The implications of the new Impac Prize - or the International IMPAC Dublin Literary Award, to give it its full, baggy honorific - have only just begun to sink in. At £100,000, the prize is by some way the largest available to novelists. Its proposed catchment area is similarly vast: any novel published anywhere in the world is eligible, provided it's available in English translation.
There is something counter-productive about such crazed inclusivity. When prizes began to be awarded for individual works rather than a writer's oeuvre, it was as a contribution to the nation's literature. To be eligible for one of the major prizes - the Booker, the Whitbread - you had to reside in the British Isles or the Commonwealth. That meant (for the Booker judges at any rate) between 100 and 130 novels would be eligible each year.

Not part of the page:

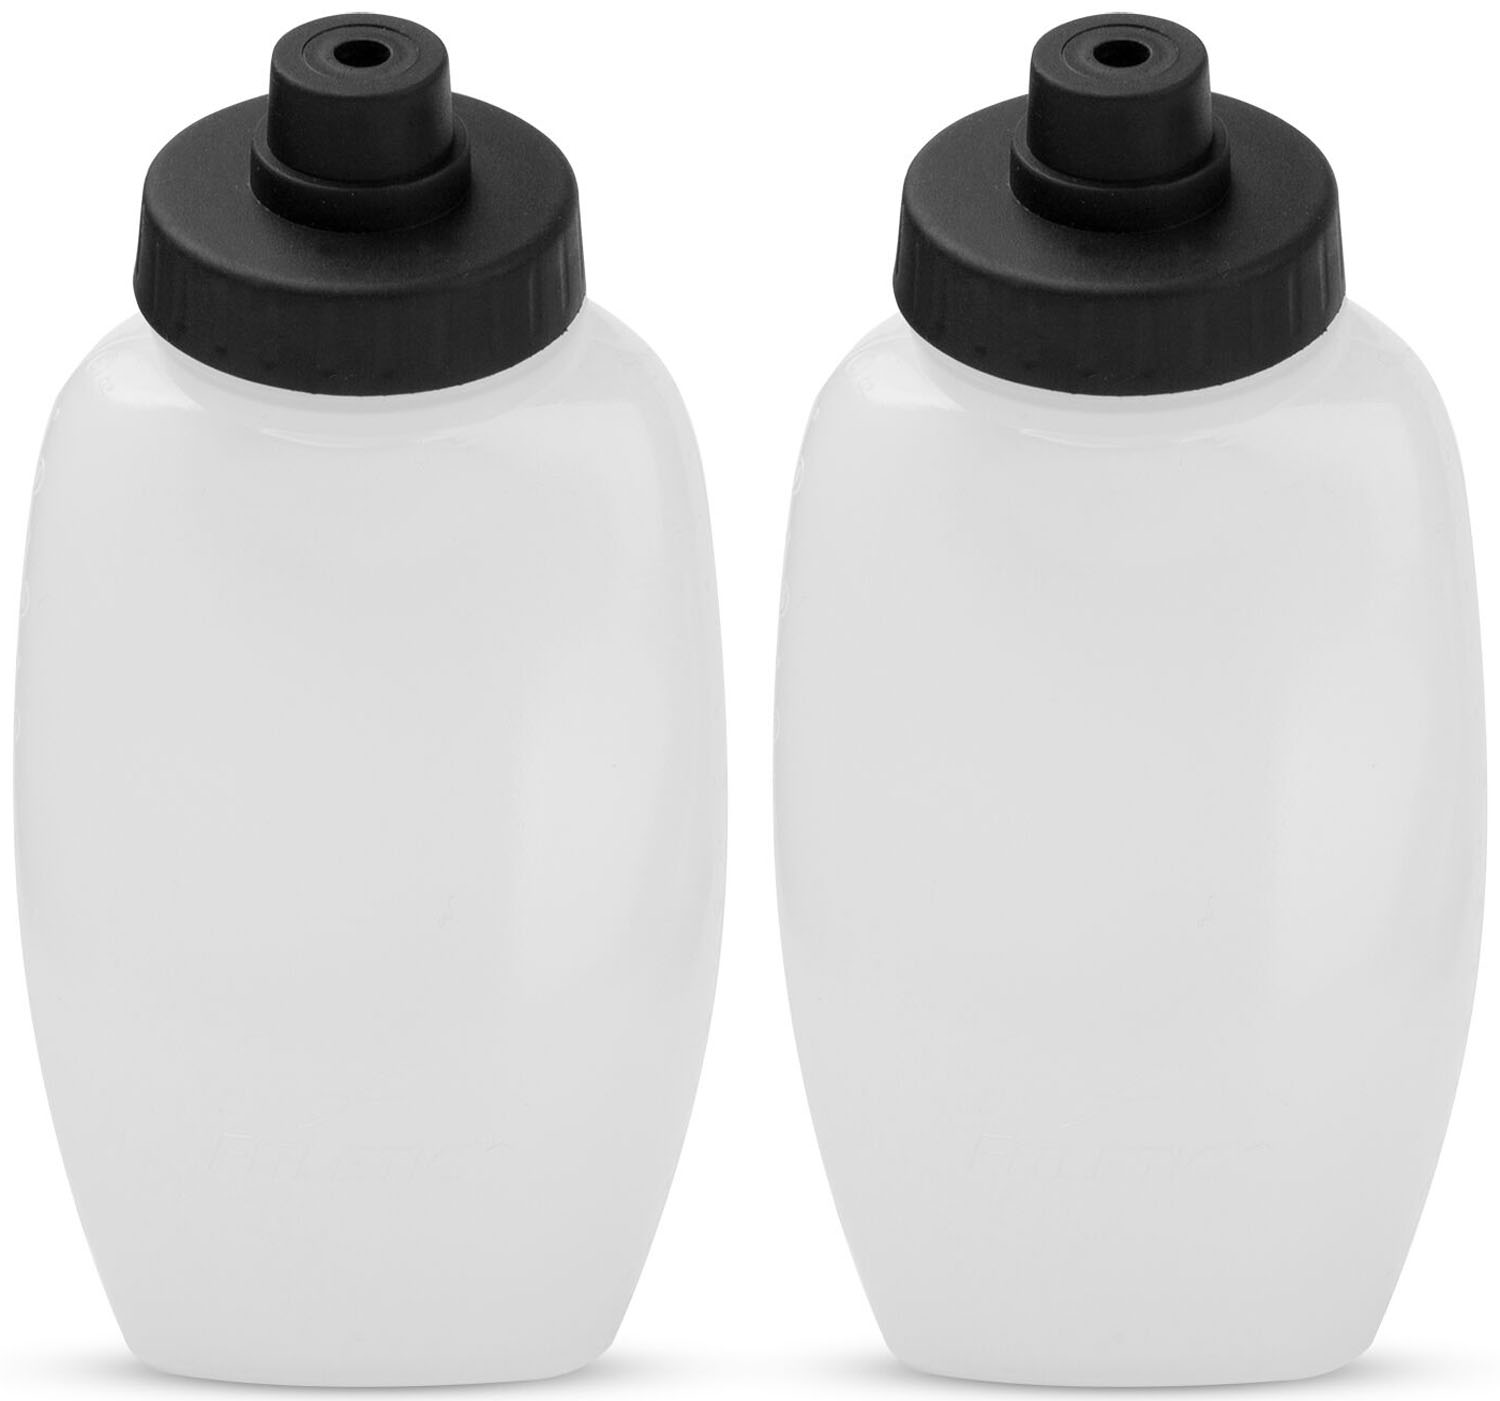 容量：8oz（約240ml）×2独自構造のキャップにより、開閉不要で片手で簡単に水分補給が出来るボトル。コストパフォーマンスに優れた2個組。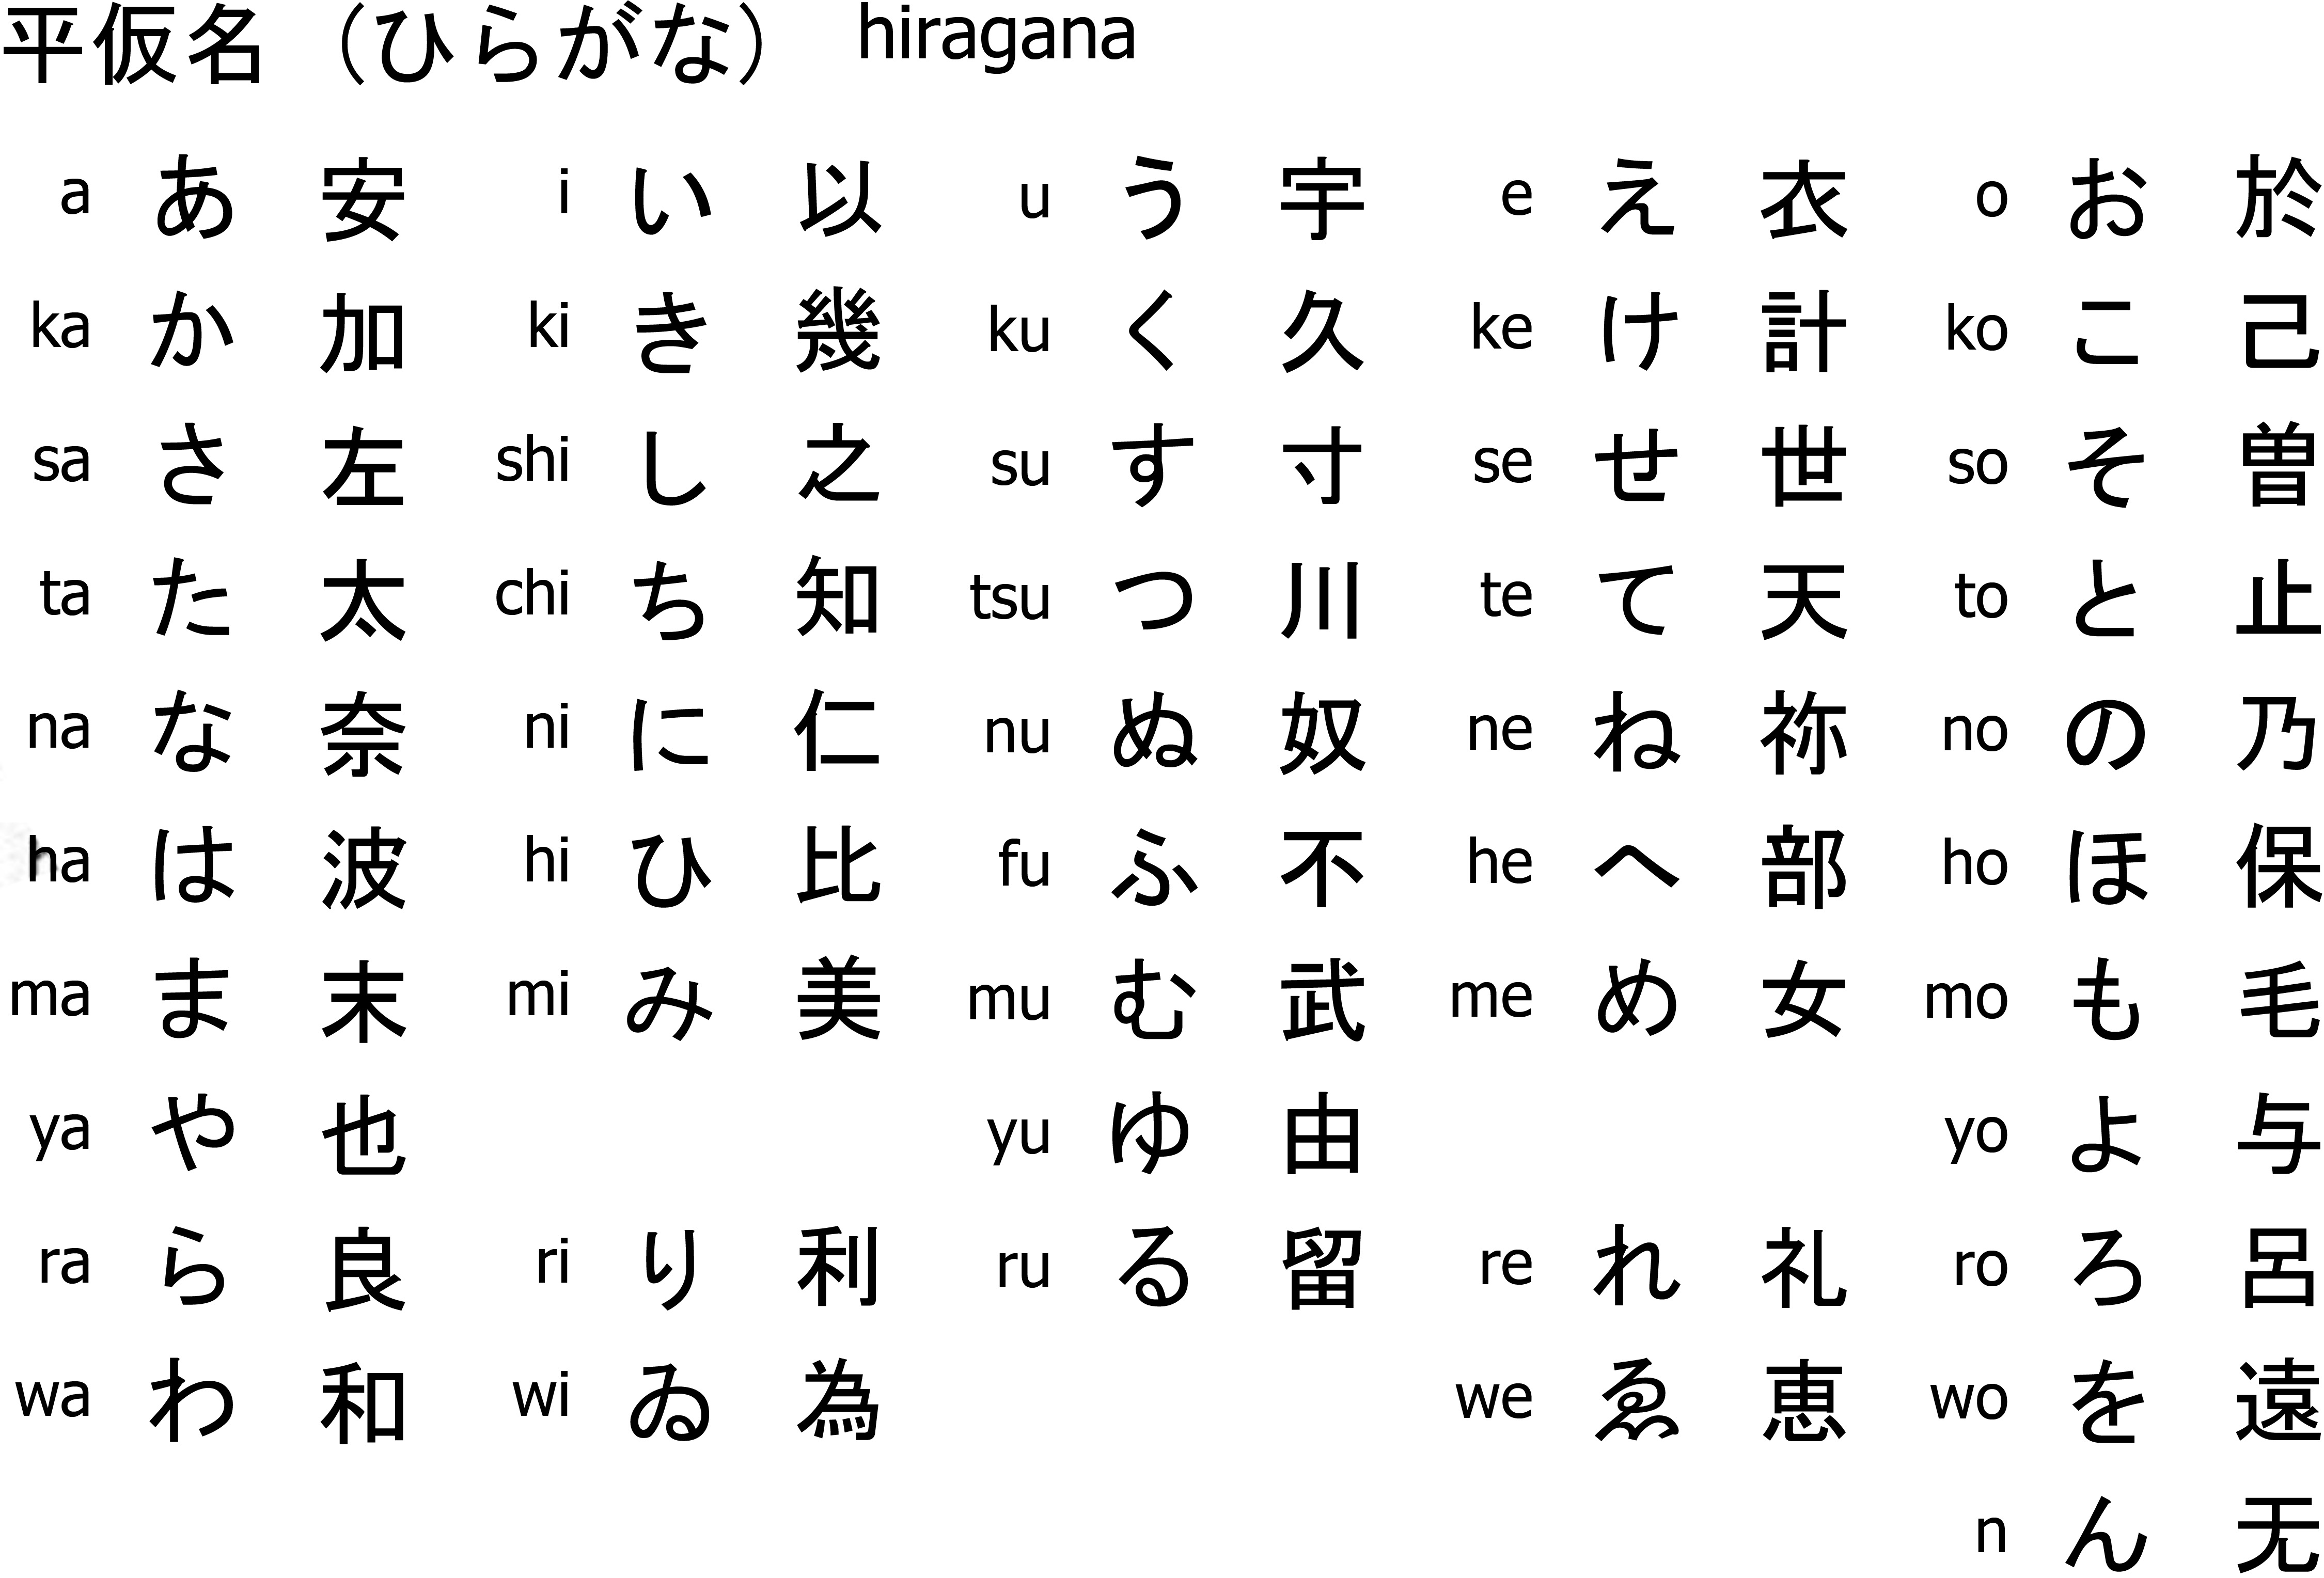 19 Downloadable Hiragana Charts

The Irish Times Award upped the ante by offering their prize for a novel published in England, Ireland or America. Allowing US writers in meant the potential submissions for the prize doubled; but the organisers, instead of requiring the judges to read 250 books, settled instead for a shortlist based on the recommendations of literary commentators. Now novels published in Guatemalan or Inuit are eligible for the Impac Prize, provided an English translation exists. But this means a potential submission of - how many? A thousand novels? Ten thousand? How can you possibly judge that lot? Impac's answer is to enlist the help of what they call "the Municipal Public Library System of Capital Cities worldwide''. Each country's central library will nominate three books.
I cannot recall when I ever heard such a bizarre and philistine enterprise. Librarians are not literary critics. Their job is to acquire books, lend them and retrieve them. Whatever their personal reading tastes may be, their sole professional connection with novels is to note how many times they are taken off the shelf by the public. By such a criterion, the judges of this misguided new prize will find themselves reading exclusively the works of Ms Catherine Cookson, Ms Joanna Trollope and their cultural equivalents from all over the globe.